In the end she’s just as pale as me.
But maybe somewhere we can find a spot,
After all we met at Talib Qweli.
Komatta
Monday June 13th 2005, 5:48 pm
Filed under:
Japan
You ever have one of those periods in your life when it seems like everything is just going smoothly, you enjoy your lifestyle and are content with your level of consumption, you have meaningful things and people nearby, you have plans and dreams, maybe you’ve even found love? How about having all that whisked from under your feet like the proverbial rug, sending you into a tailspin as distorted and dramatic as a cartoon character stepping on banana peel? Faster than you can type “WTF”, the switch in emotional polarity is so powerful it almost makes a sound, like a massive “WHOMP!”, silencing a noisy room and sucking the air from your lungs. Your reaction is so undefinable and inconcise; like dishes being dropped in a restaurant, we all wonder who did it but don’t rush to assign the obvious blame, and instead feel somewhat embarrassed that our mealtime reverie was interrupted.

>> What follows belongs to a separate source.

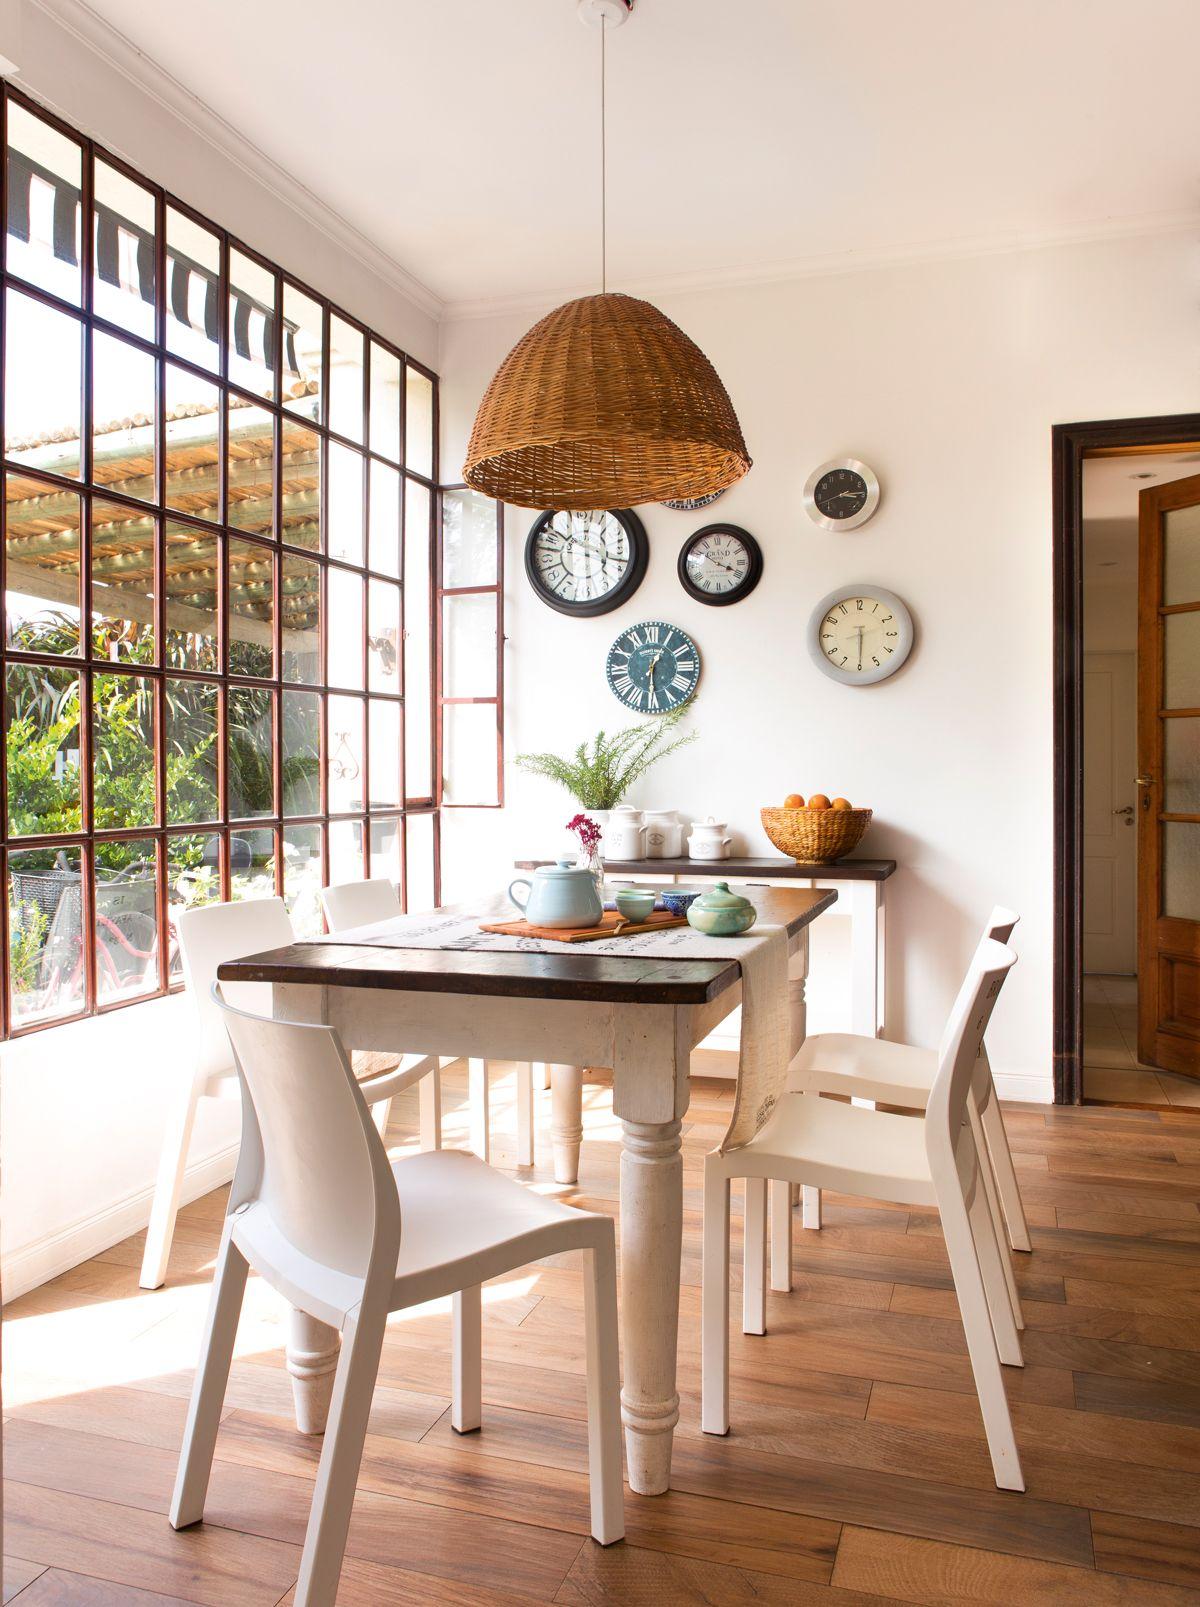 Muebles E Ideas Para Aprovechar Las Ventanas Life Quiet  # Muebles Fisherton

Sometimes life just sucks like that.
Maybe we could even see it coming, see that dark oil slick on the road ready to help you lay that bike down hard, and we choose to disregard it, deny it’s existence for the chance to bask in sunny bliss just a little bit longer. Maybe of all the valid and invalid emotions you feel at these times, from anger and sadness to anxiety and regret, the most overreaching one is a feeling of naiveté or inadequacy about your self-imposed inability to foresee this consequence. I mean, if things are going so well, of course there’s going to be a repercussion. Things change, people change, things are too good to be true, and shouldn’t you know by now that karma works both ways? You were never perfect (who’d want to be?), but now some of those screw-ups are coming around to bite you in the ass. It’s inevitable and it’s only ourselves we should truly blame for forgetting that fruit can be bitter, dogs can bite, roses can prick. For those who’ve forgotten there’ll be a whole section of Hallmark Cards at the local pharmacy to sum up our emotions into convenient limericks and pithy adages to remind us that we’re not alone in our loneliness.
This one goes out to Jaime who said I shouldn’t write a depressed emo blog.